── Records supplied ──

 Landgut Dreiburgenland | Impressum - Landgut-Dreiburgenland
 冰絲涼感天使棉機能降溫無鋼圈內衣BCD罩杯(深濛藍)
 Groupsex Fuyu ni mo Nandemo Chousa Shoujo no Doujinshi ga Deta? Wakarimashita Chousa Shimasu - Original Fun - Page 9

───
── Records supplied ──

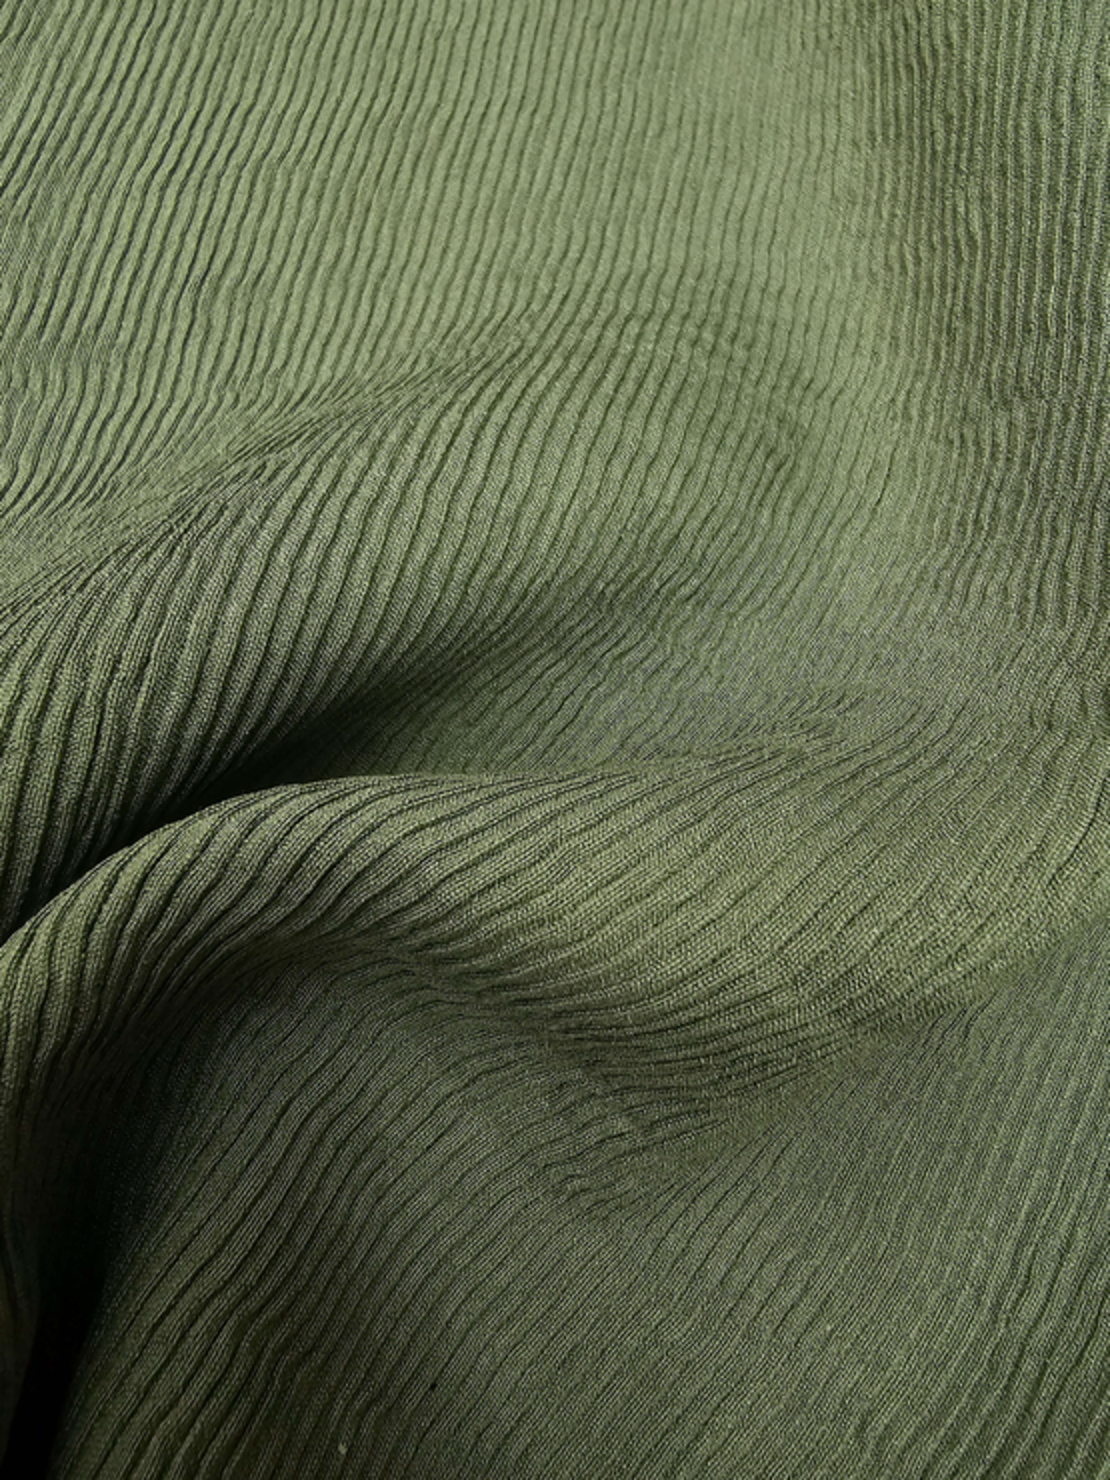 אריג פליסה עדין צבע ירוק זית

───
── Records supplied ──

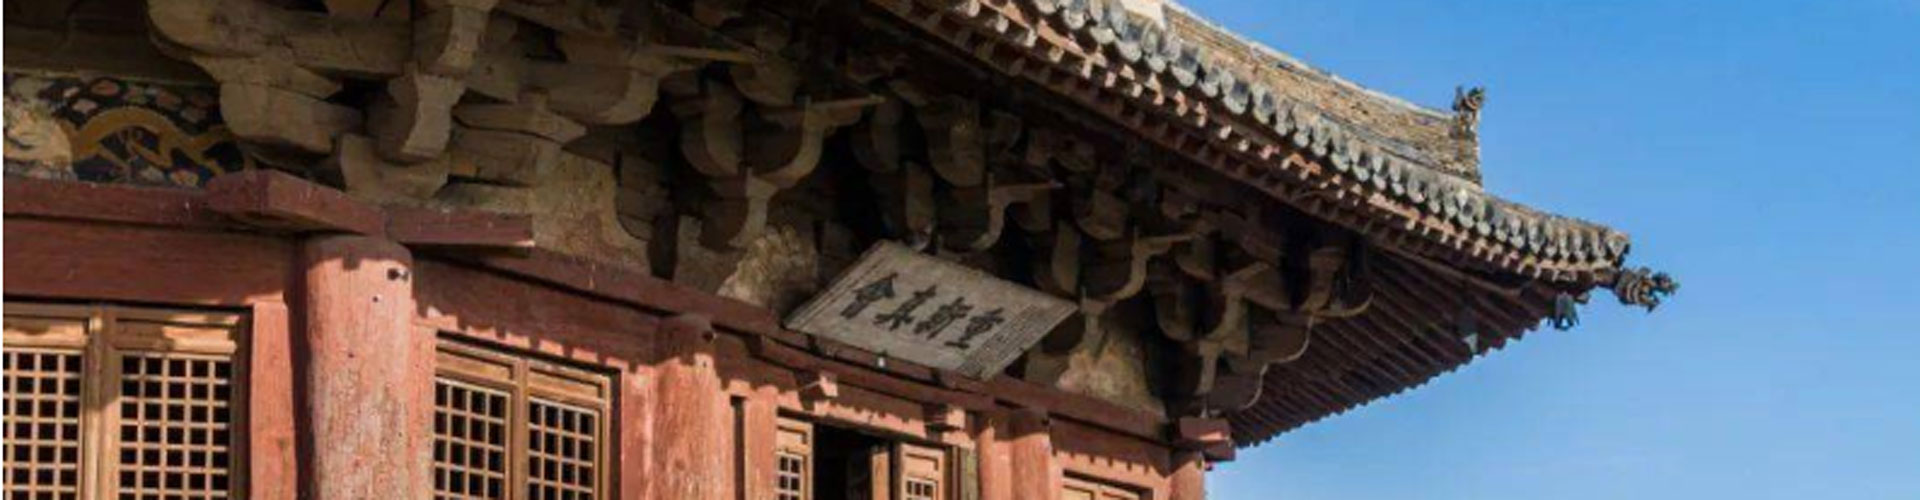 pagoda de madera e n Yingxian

───

→ Directions for this task:
Looking back over the data above, restate word for word the lines that begin at the line with "冰絲涼感天使棉機能降溫無鋼圈內衣BCD罩杯(深濛藍)" and end at the line with "Groupsex Fuyu ni", inclusive.

→ Exercise result:
 冰絲涼感天使棉機能降溫無鋼圈內衣BCD罩杯(深濛藍)
 Groupsex Fuyu ni mo Nandemo Chousa Shoujo no Doujinshi ga Deta? Wakarimashita Chousa Shimasu - Original Fun - Page 9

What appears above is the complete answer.